Es esa indiferencia la que les permite seguir consolidando su poder a nivel interno y, en el plano exterior, forzar al resto de países a darles una condición que claramente no merecen. Es la banalización del mal.
Casi cuatro años después de las protestas que lo pusieron contra las cuerdas y que lo desnudaron ante el mundo como el sátrapa que es, Daniel Ortega inició este lunes su quinto mandato (el cuarto consecutivo) sobre los restos de la democracia nicaragüense. Lo hizo, además, luego de haber obliterado a la oposición, a cuyos líderes encarceló luego de una cacería en la que cayeron incluso compañeros de armas de Ortega que lo acompañaron en la lucha contra la dictadura de Anastasio Somoza.
Como se sabe, Ortega y su esposa, la vicepresidenta Rosario Murillo, se declararon vencedores en un simulacro de elecciones realizado en noviembre pasado, luego de que las autoridades del país centroamericano –copadas por el sandinismo– arrestaran a siete candidatos y dejaran fuera a tres partidos opositores. Según el observatorio ciudadano Urnas Abiertas, la abstención en la jornada electoral superó el 80%.
Dichos comicios no fueron reconocidos por la Unión Europea, Estados Unidos, Canadá y varias decenas de países más, entre ellos, acertadamente, el nuestro, y –en un movimiento coherente– se negaron a enviar a sus representantes a la ceremonia de juramentación de Ortega realizada a inicios de semana. Sorpresivamente (o quizá no tanto), hubo una congresista peruana que participó en el evento. La legisladora Margot Palacios, de Perú Libre, no solo asistió al acto público, sino que además subió a sus redes sociales una foto con el dictador acompañada de un texto en el que se mostraba “complacida por los grandes cambios emprendidos por el gobierno revolucionario en favor de la mujer y pueblos originarios”.

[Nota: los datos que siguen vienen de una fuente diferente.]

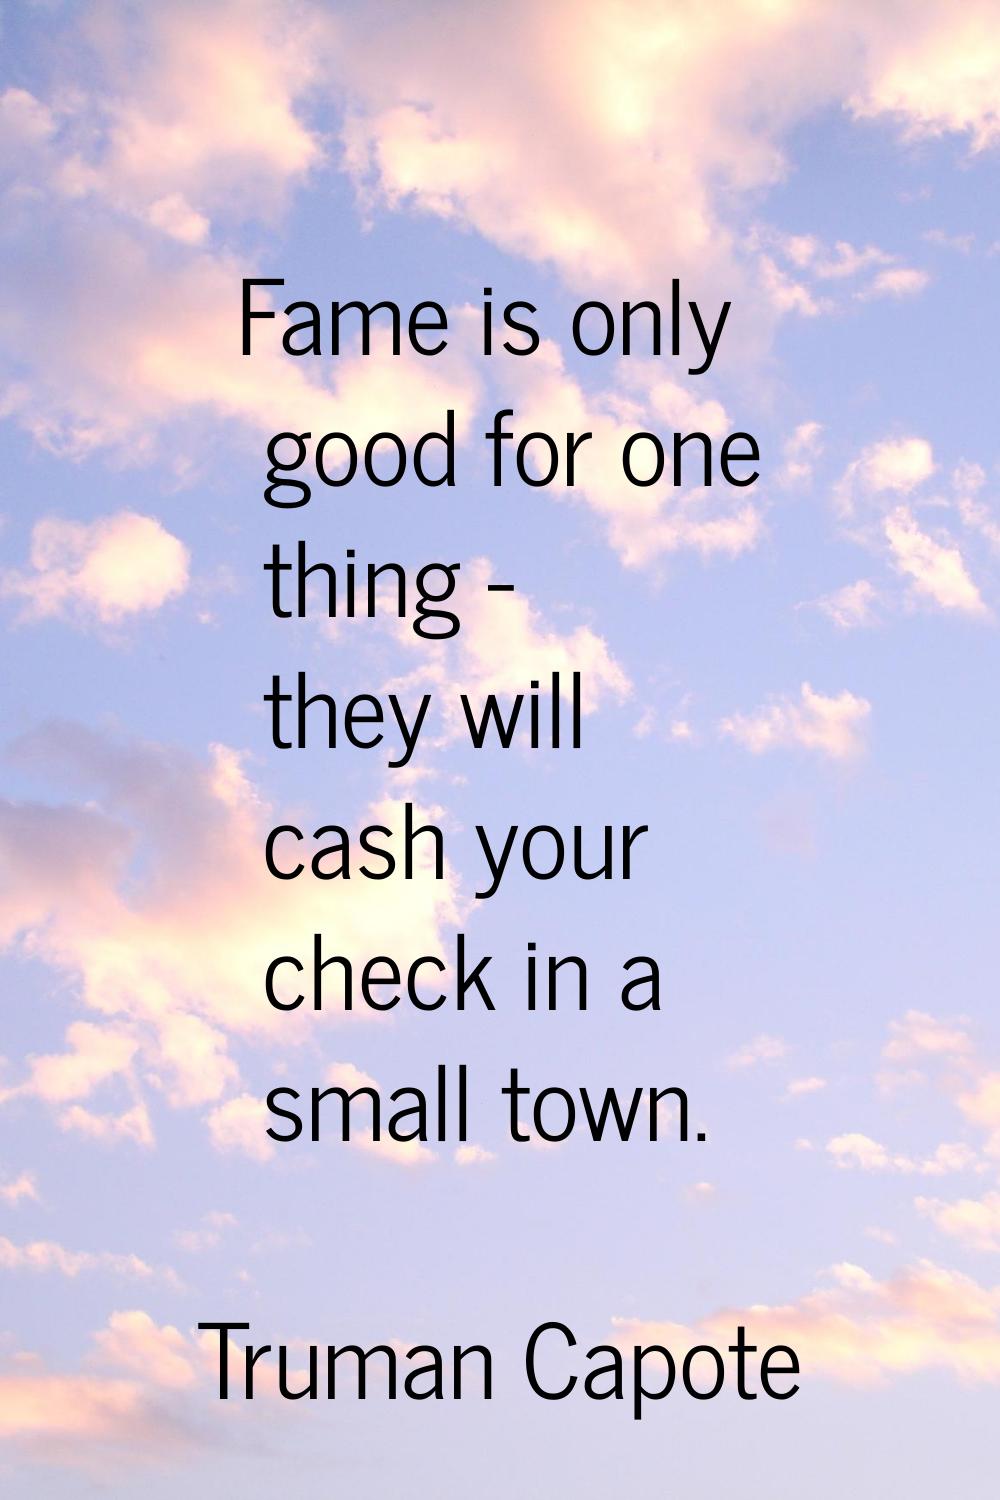 Fame is only good for one thing - they will cash your check in a small town.

Tal vez a la parlamentaria Palacios no le incomode salir en una imagen con el líder de un régimen que mantiene a unos 170 presos políticos –según la Comisión Interamericana de Derechos Humanos– aislados, muchos de ellos, en condiciones deplorables y sometidos a tratos vejatorios y torturas. O que tenga las manos manchadas con la sangre de los más de 300 manifestantes que fallecieron producto de la represión estatal desde el 2018. Por no hablar de los miles de heridos ni de los cientos de miles que optaron por huir del país y a los que el dictador ha calificado con descaro como “apátridas”.
Todo esto, por supuesto, no es nuevo; se conoce desde hace un tiempo. Sin embargo, hay que decir también que, en los últimos años, en los que Ortega y Murillo han mostrado el rostro más feroz de la dictadura que pilotean juntos, su poder no ha menguado; por el contrario, han seguido avanzando en su intento por destruir cualquier resquicio de oposición, persiguiendo a quienes les hicieron frente, mientras siguen inaugurando nuevos ‘períodos de Gobierno’. Se trata, en suma, de una dictadura que venció.
No es la única, por cierto, en esta parte del mundo. La dictadura que lidera Nicolás Maduro en Venezuela, que no tiene nada que envidiarle en violaciones a los derechos humanos, destrucción de la separación de poderes y persecución política a la sandinista, también parece, de un tiempo a esta parte, haberse ganado la indiferencia de sus vecinos. Y ni qué decir de esa otra que lleva seis décadas asolando Cuba.
Ningún demócrata debería normalizar a estos regímenes, ni tomar actos como el realizado este lunes en Managua –en los que buscan investirse con un falso barniz de legitimidad– como algo natural. Precisamente esto es lo que quieren los dictadores para poder vencer por completo.